Denmark is known for its flat terrain, temperate climate, and high standard of living. When it comes to its population, around 84.2 percent identify as Danish, 1.1 percent identify as Turkish and 14.7 percent as other (including Polish, Romanian, Syrian, Ukrainian, German, and Iraqi). The official language is Danish, and Evangelical Lutheranism is the state religion, though other religious communities are also present. English is widely spoken as a second language (CIA World Factbook, 2025).
Status of children’s rights [1]
Denmark ratified the Convention on the Rights of the Child (CRC) on 19 July 1991, the Optional Protocol to the Convention on the Rights of the Child on the Involvement of Children in Armed Conflict (OPAC) in 2002, the Optional Protocol to the Convention on the Rights of the Child on the Sale of Children, Child Prostitution and Child Pornography (OPSC) in 2003 and the Optional Protocol to the Convention on the Rights of the Child on a Communications Procedure (OPIC) in 2015 (OHCHR, n.d).
However, as the CRC has not been incorporated into domestic legislation, it serves as a guiding principle rather than enforceable law.

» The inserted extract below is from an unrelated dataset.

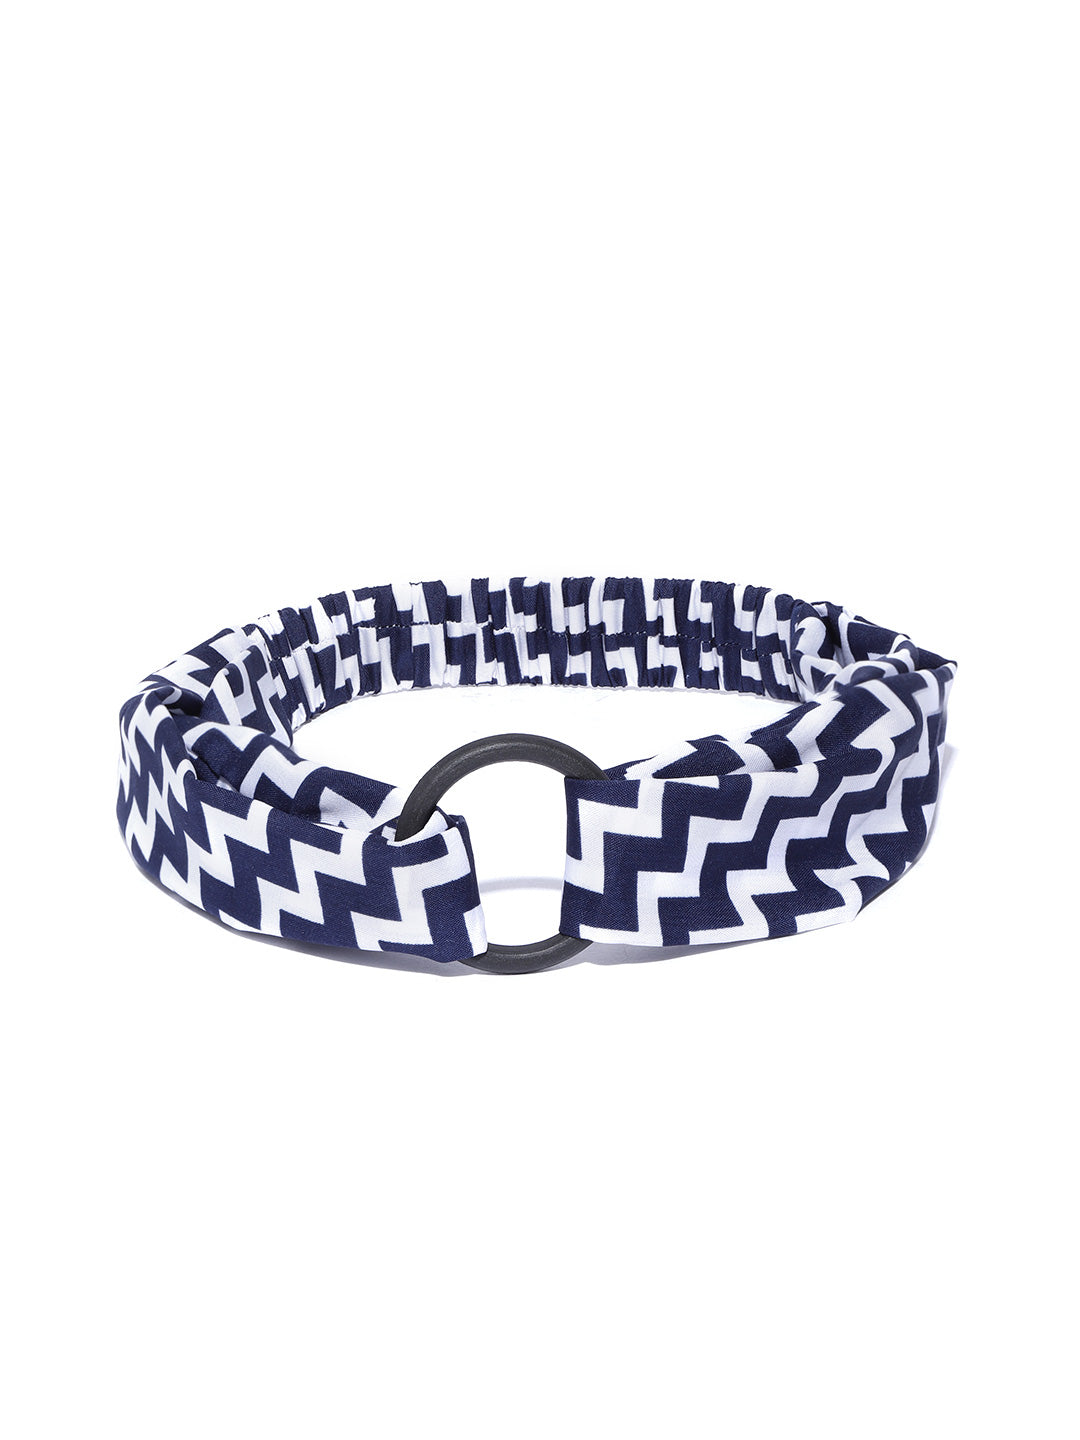 Blueberry blue & white printed hairband

The legislator considers the CRC when adopting child-related legislation, but individuals cannot make a claim against an authority based solely on the Convention (Adolphsen, 2019).
As the legislation is constructed now, the primary legal protection of the child is provided by the parent. Therefore, it is the parents’ rights on behalf of the child and not the child’s rights that have been the main focus in the newer Danish legal history. As such, children’s rights in Denmark are often framed as participatory—such as being heard or involved—rather than as autonomous (Adolphsen, 2019).
In its concluding observations on Denmark’s fifth periodic report, the Committee on the Rights of the Child recommended that Denmark take measures to explicitly and fully incorporate all provisions of the Convention and its Optional Protocols into its national legislation to promote their application by the courts and administrative decision-making bodies (CRC, Concluding observations, 2017).
Addressing the needs of children in Denmark
Right to health
Denmark has a well-developed healthcare system, with numerous services focused on the prevention and early detection of health and well-being issues in children and young people. The municipalities and regions are responsible for the healthcare system (Youth Wiki, Health, 2023).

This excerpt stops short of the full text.